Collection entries
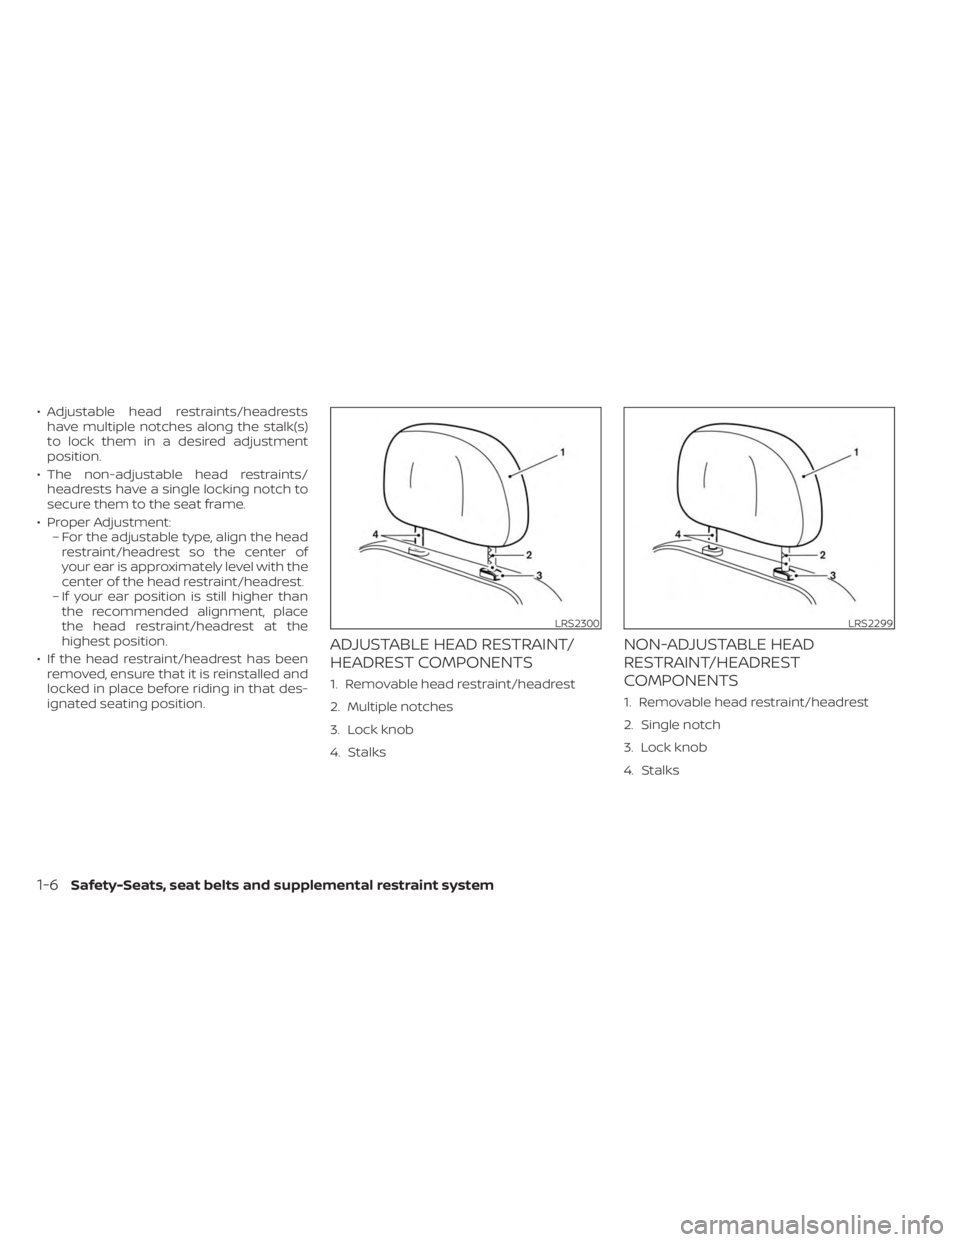 NISSAN KICKS 2023  Owners Manual • Adjustable head restraints/headrestshave multiple notches along the stalk(s)
to lock them in a desired adjustment
position.
• The non-adjustable head restraints/ headrests have a single locking 
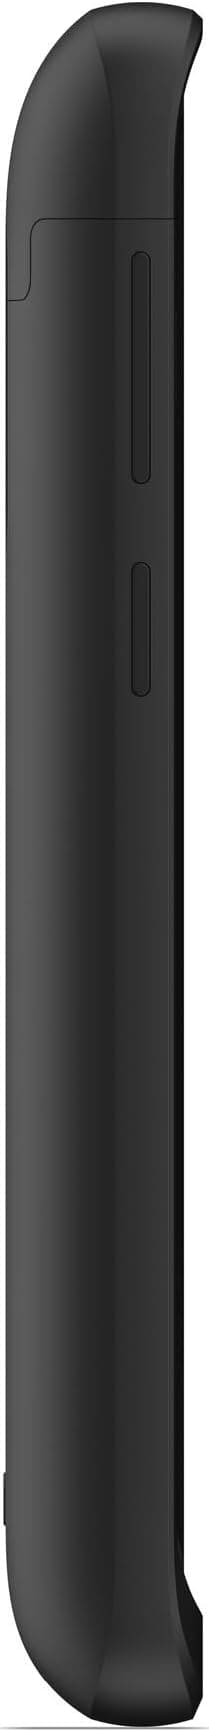 Mophie Galaxy S9 Juice Pack

■ **YOUR ASSIGNMENT**
All the lines above must be written out exactly, without a single picture.

■ **EXERCISE RESULT**
 NISSAN KICKS 2023  Owners Manual • Adjustable head restraints/headrestshave multiple notches along the stalk(s)
to lock them in a desired adjustment
position.
• The non-adjustable head restraints/ headrests have a single locking 
 Mophie Galaxy S9 Juice Pack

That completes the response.